Trump saying “Believe me” is not in here?

And a lot of these things, nobody says.

Sprezzatura said...

"At this rate, you'll be too drunk to blog tonight and too hungover to blog tomorrow and then what will we do???"

I think we should rejoice in knowing that Althouse has taken one step backwards on the Asperger's path. Not that there's anything wrong w/ that path. But, it does seem a bit confining. And, less confining seems like an ok thing.

Sammy Finkelman said...

How about also:

Clinton says “You know” or “people tell me” or “I read” or cites a quotation, misattributed or not.

Sammy Finkelman said...

Clinton cites a source, or an authority, for a statement of fact or opinion.

Source is a stuidy or an organziation. Authority is a person.

Crimso said...

'Anyone says "Still dicking bimbos at home." 1 large glass.'

That is pure gold.

Jaq said...

Clinton avers that there are two many coal miners in this country and chortles while saying that they should find other jobs.

Jaq said...

Trump says "I'm very smart." Tiny sip, we don't want to get to blotto too early.

320Busdriver said...

Prediction

Trump wins the debate poll at Drudge....lol

PB said...

With all the hype, I expect to see a lot of disappointed people. Not sure who, but I hope it's the media.

MayBee said...

hahahaha, Althouse! love it

Joe said...

How about the whole bottle if anyone points out that this isn't a debate, but a press conference.

Jaq said...

Hillary refers to Trump as "her husband" again. A shot.

LordSomber said...

What is it we're sipping?
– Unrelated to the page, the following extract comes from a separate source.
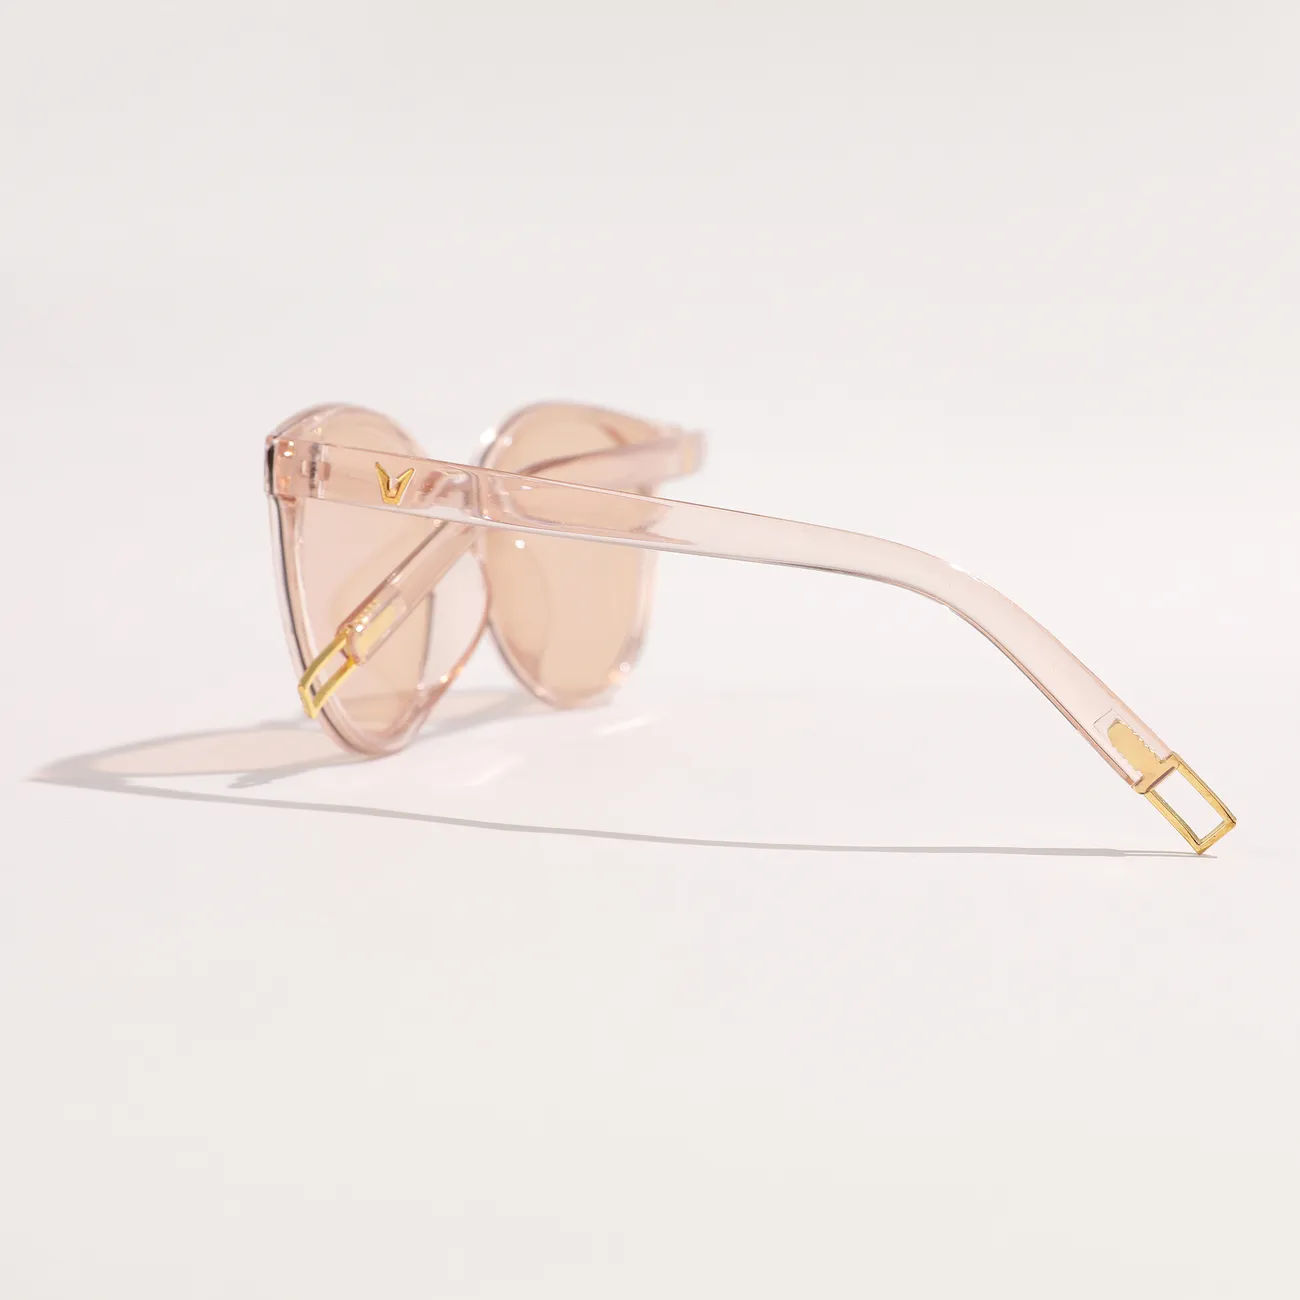 Criança / crianças menina / menino casual vintage óculos de sol artísticos com saco de pano macio Ouro de Rosa big image 1

Alcohol or Kool-aid?
Alcoholic Kool-aid?

320Busdriver said...

https://www.washingtonpost.com/news/morning-mix/wp/2016/08/05/yes-donald-trumps-hands-are-actually-pretty-small/

SHOTGUN

Jaq said...

Prediction, New York Times, Washington Post, and NPR declare Trump the winner.

lol.

FullMoon said...
This comment has been removed by the author.
Jaq said...

Ooops, Freudian slip there, I guess.

wildswan said...

Camera moves away so we can't see Hillary getting out of the car. Media Enable 1

Sammy Finkelman said...

Hillary Clinton will probably cite this lead front page story in today's New Yor Times:

http://www.nytimes.com/2016/09/26/business/economy/millions-in-us-climb-out-of-poverty-at-long-last.html

In the printed newspaper the headline goes;

WITH PAY RISING
MILLIONS CLIMB
OUT OF POVERTY
-------------------------
ECONOMIC TIPPING POINT
--------------------
More and Better Jobs --
Blacks and Hispanics
Gain the Most

Chuck said...

The Rules of Golf are easier. There are only 34 of them.

Fabi said...

Quite the coincidence, Sammy.

wildswan said...

How will I create jobs? Women's right's, clean energy

Trump talks about jobs. Leaving America. Reduce taxes to keep jobs here. Renegotiate trade deals

buwaya said...

Yiannopoulos did not ride in on an elephant, so there is that opportunity wasted.

wildswan said...

Lester intervening on Trump's answers, not Clinton.

Chuck said...

Trumpie goes full protectionist.

wildswan said...

Lester attacks Trump again on IRS. Totally unfair. Trump is debating Holt and Clinton. No checking on Clinton by Holt

Ignorance is Bliss said...

We're gonna need a bigger liver.

wildswan said...

Lester Intervenes. Trump fights back

wildswan said...

Lester intervenes again on birther.

Chuck said...

If "believe me" required a drink, there'd be a lot of hangovers.

Jaq said...

Trumpie goes full protectionist.

We know that you and Hillary are free traders, losers be damned!

Man in PA said...

Shoot! I wish I had seen this *before* the debate!